Germaine Greer’s first attempt to provoke readers of The boy, her erudite and cheeky celebration of youthful male beauty, comes before she has said a word, with a teasing invitation to judge her book by its cover. This reproduces David Bailey’s famous 1970 photograph of Bjorn Andresen, the androgynous young star of Visconti’s film “Death in Venice”—pictured here with tousled hair and the naturally airbrushed features of youth—who was once described as the most beautiful boy in the world. Like the Thomas Mann novella on which it is based, Visconti’s film took pains to emphasise that this boy represented Love rather than a potential lover. The final scene, in particular, during which Andresen stands backlit by the ocean, his limbs arranged in the pose of a Greek statue, tried to make it clear that he should be seen as a youthful ideal rather than a piece of jailbait. But this has not prevented many viewers, gay and straight, from wondering uneasily at what point their admiration shaded into desire, and so from grappling ruefully with the paradox that innocence can only be truly appreciated by those who no longer possess it.

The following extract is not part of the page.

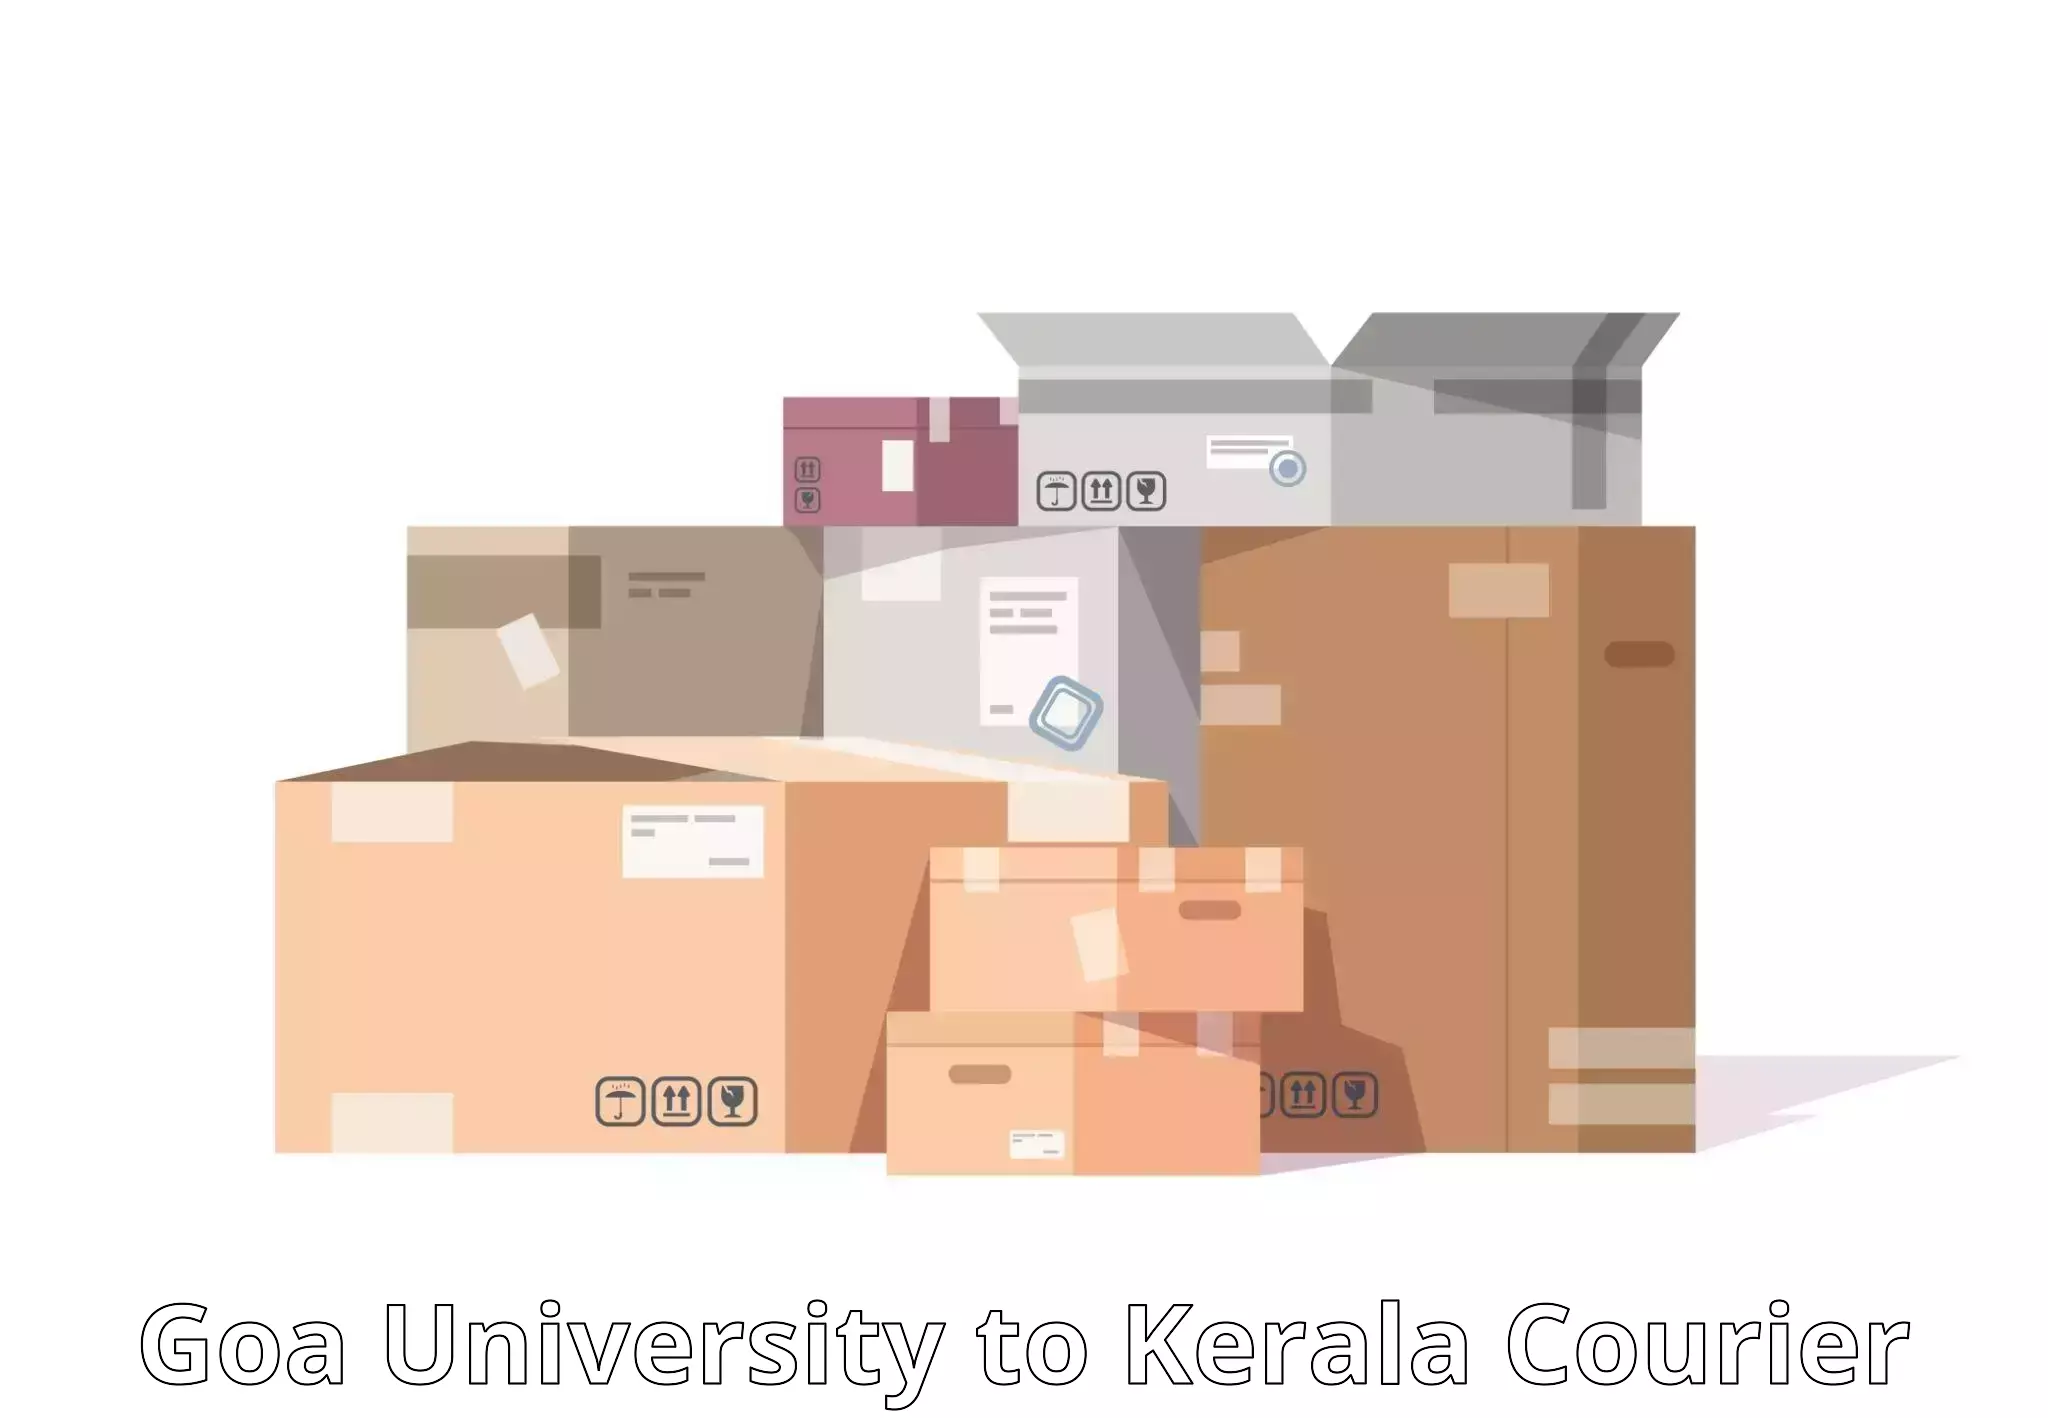 End-to-end delivery Goa University to Calicut

As Dr Greer points out in her preamble, one of the key problems with such images is that they have traditionally been made by men for other men, whereas women too—Sally Mann as well as Thomas Mann—enjoy the complex pleasures of works of art in which “the compellingly evanescent charm of boyhood can be preserved against the ravages of time”.
For Dr Greer, there is something of emblematic significance in the fact that the first painting by a woman to have been purchased by a British national collection, Anna Lee Merritt’s “Love locked out” (1890), shows a naked young boy pressing against a locked door. Dr Greer’s aim, it seems, is to re-open this door, in chapters which range from the stiff-limbed stillness of Greek kouroi to the lisping glamour of David Beckham, and from the physical attitudes of boys in art to the many possible attitudes, not all equally disinterested, that a viewer might have towards these boys.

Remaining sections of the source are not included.